The expression and prognostic value of miR‐199a‐5p in HCC

We detected the miR‐199a‐5p expression in HCC cell lines and found that miR‐199a‐5p expression was lower in HCC cell lines with high metastatic potential (MHCC97L, MHCC97H, and HCCLM3) than in cell lines with low metastatic potential (Hep3B, PLC/PRF/5, Huh7, and HepG2; Figure 4D).
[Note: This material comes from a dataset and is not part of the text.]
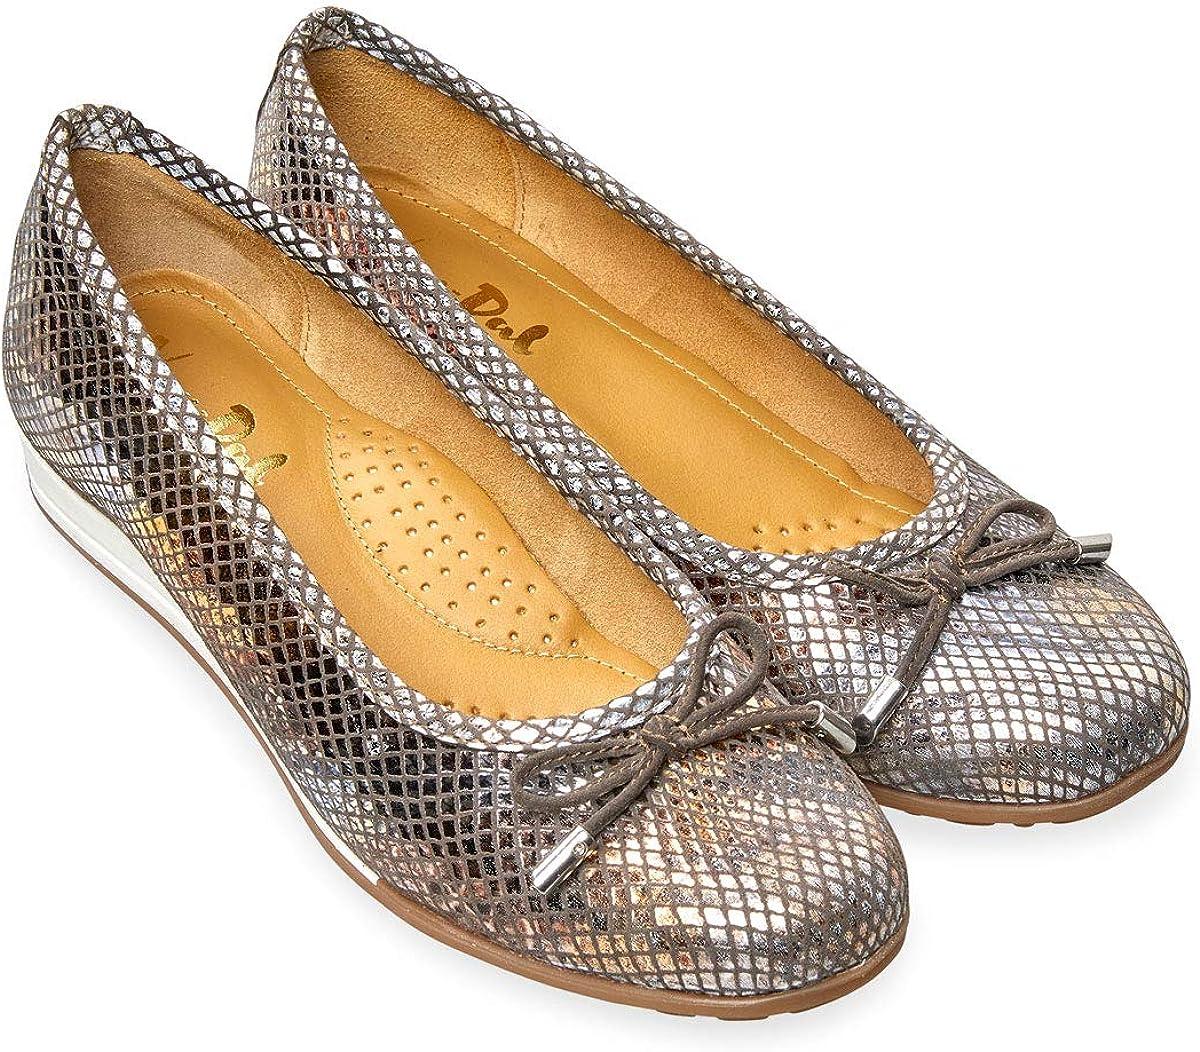 Van Dal Womens Medford Leather Ballet Pumps

We also measured miR‐199a‐5p expression in 115 pairs of tumor and adjacent nontumor samples randomly selected from cohort 2. qRT‐PCR showed that miR‐199a‐5p expression was lower in the tumors than in the matched peritumoral samples (P = 0.0037; Figure 4E, left panel), and also lower in the tumor tissues of patients with HCC recurrence than those without recurrence (P = 0.0075; Figure 4E, right panel).

Then we explored the prognostic value of miR‐199a‐5p expression in HCC. Kaplan‐Meyer analysis showed that high miR‐199a‐5p levels were associated with increased OS (miR‐199a‐5phigh > median value, miR‐199a‐5plow ≤ median value; Figure 4F, left panel). Patients with high miR‐199a‐5p expression in their tumors exhibited longer tumor‐free survival than those with low miR‐199a‐5p in their tumor (Figure 4F, right panel). In addition, we found that the miR‐199a‐5p expression level had a negative relation with the LINC01133 expression level in tumors (Figure 4G). These results suggested that LINC01133 facilitated HCC development and progression by suppressing the tumor‐suppressor activity of miR‐199a‐5p via a lincRNA‐miRNA sponging mechanism.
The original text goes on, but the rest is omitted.